I don't know if anyone's interested, but I've released a new version of my English word list:

http://www.nkuitse.com/freli/

It's small, sleek, and the cause of much typing and eye strain for yours truly.

Factoids...

Number of entries: 50,000

Number of entries that I've checked: 50,000

Number of entries added since the last release: ca. 11,000

Number of part-of-speech indications: 50,000

Number of definitions: 0

Number of proper nouns: 0

How I add entries:

$ frop add 'kerfuffle (n)'
$ cat new-words | frop add
$ frop review
** Press 'y' to add a word, 'n' to reject it, or space to skip it **
...
$ frop commit


Resources I use to discover words and decide what to add:
  • Project Gutenberg
  • /usr/share/dict/web2
  • dict
  • google
  • Random House Webster's Unabridged Dictionary (2nd ed.)
  • The American Heritage Dictionary of the English Language (2nd ed.)
  • The Compact Oxford English Dictionary
  • My poor overtaxed brain
To make a long story short: Lexicography is hard work (and FRELI's only a word list, not a dictionary).


Moby Lexicon

TorgoX on 2004-04-09T01:16:24

Also maybe use the Moby Lexicons as a source?

Re: Moby Lexicon

nkuitse on 2004-04-10T14:52:49

Thanks for the pointer.
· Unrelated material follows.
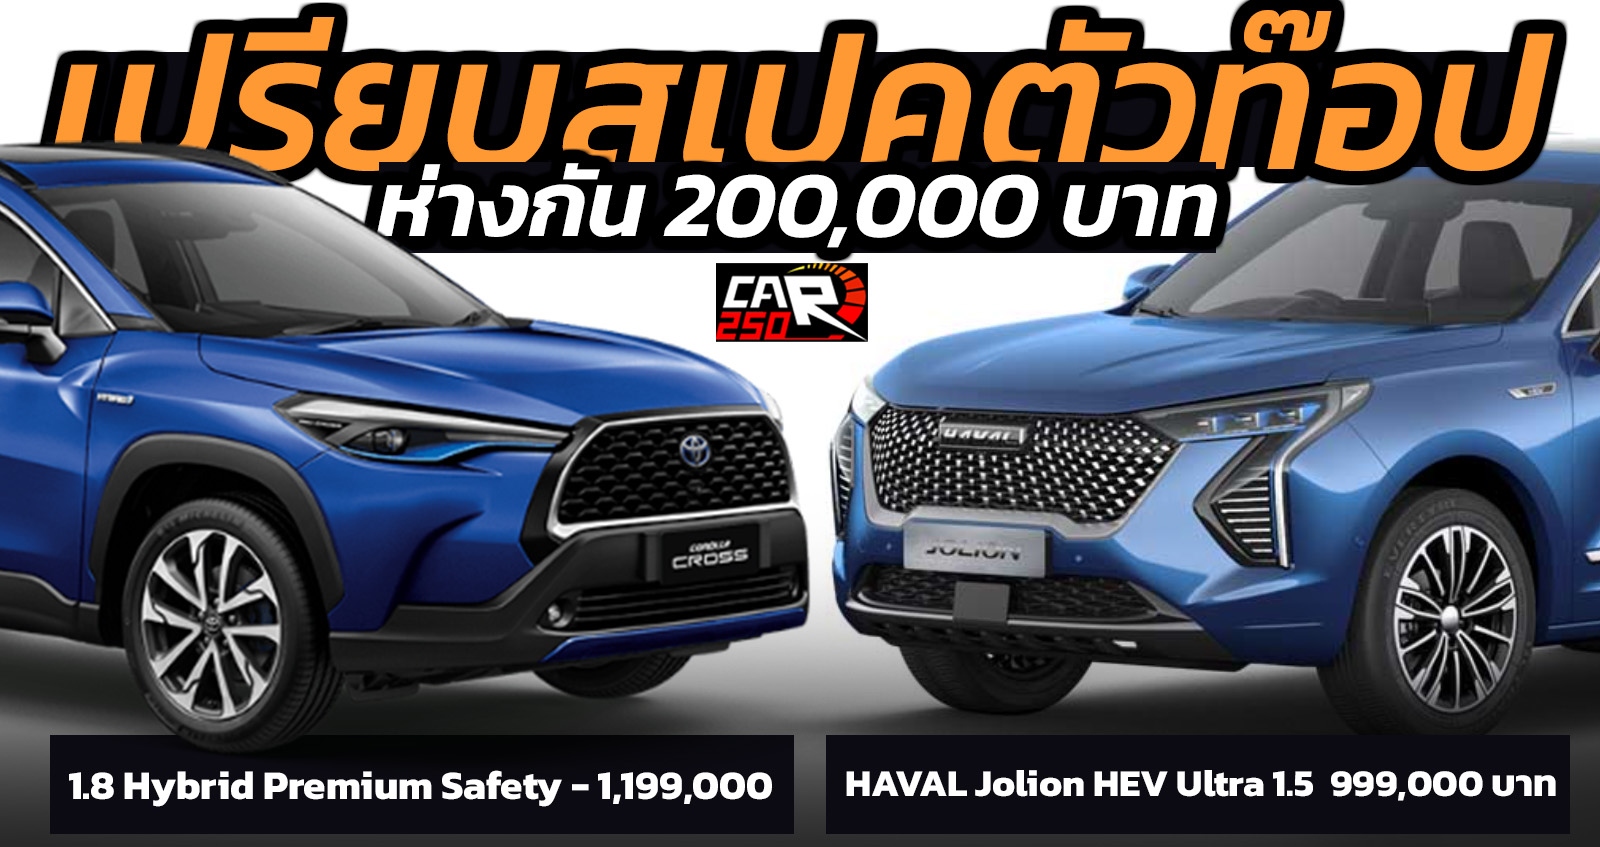 เปรียบตัวท๊อป HAVAL Jolion HEV Vs Toyota Corolla CROSS ห่างกัน 200,000 บาท
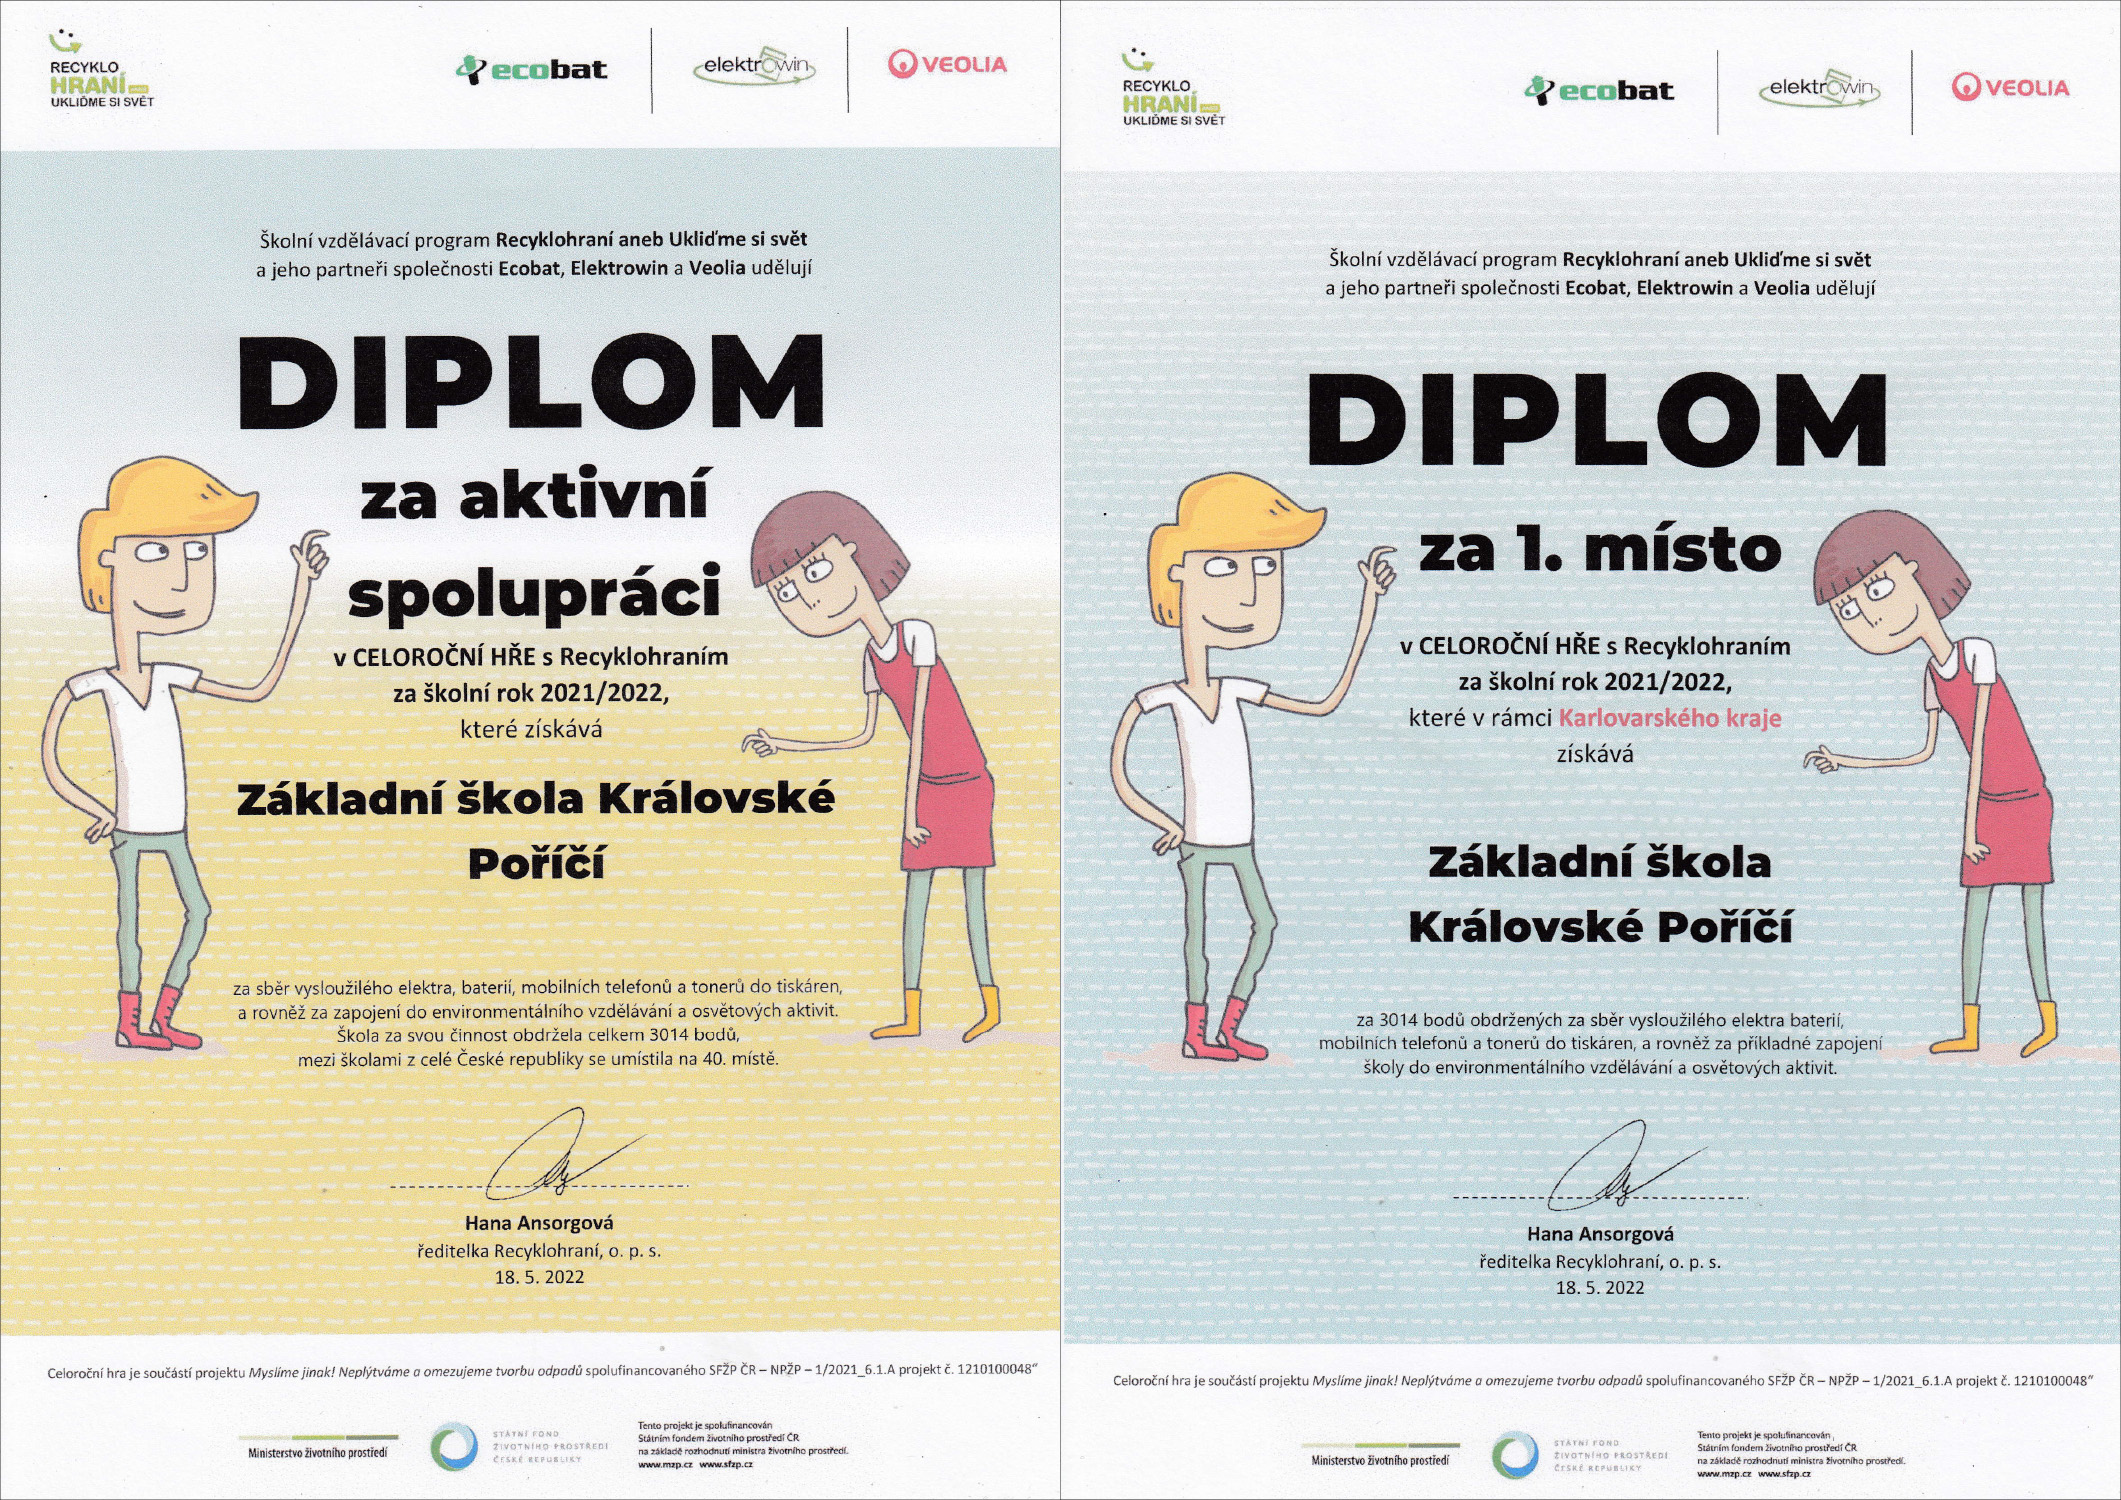 Diplom za 1. místo a spolupráci v projektu Recyklohraní

I considered using the Moby Lexicon as one of my sources when I first created the list, but I don't recall if I actually did. Time to take another look!

My principle sources were Roget's International Thesaurus (the 1911 edition that's in the public domain) and the data files in the Link Grammar project, because these provided part-of-speech information.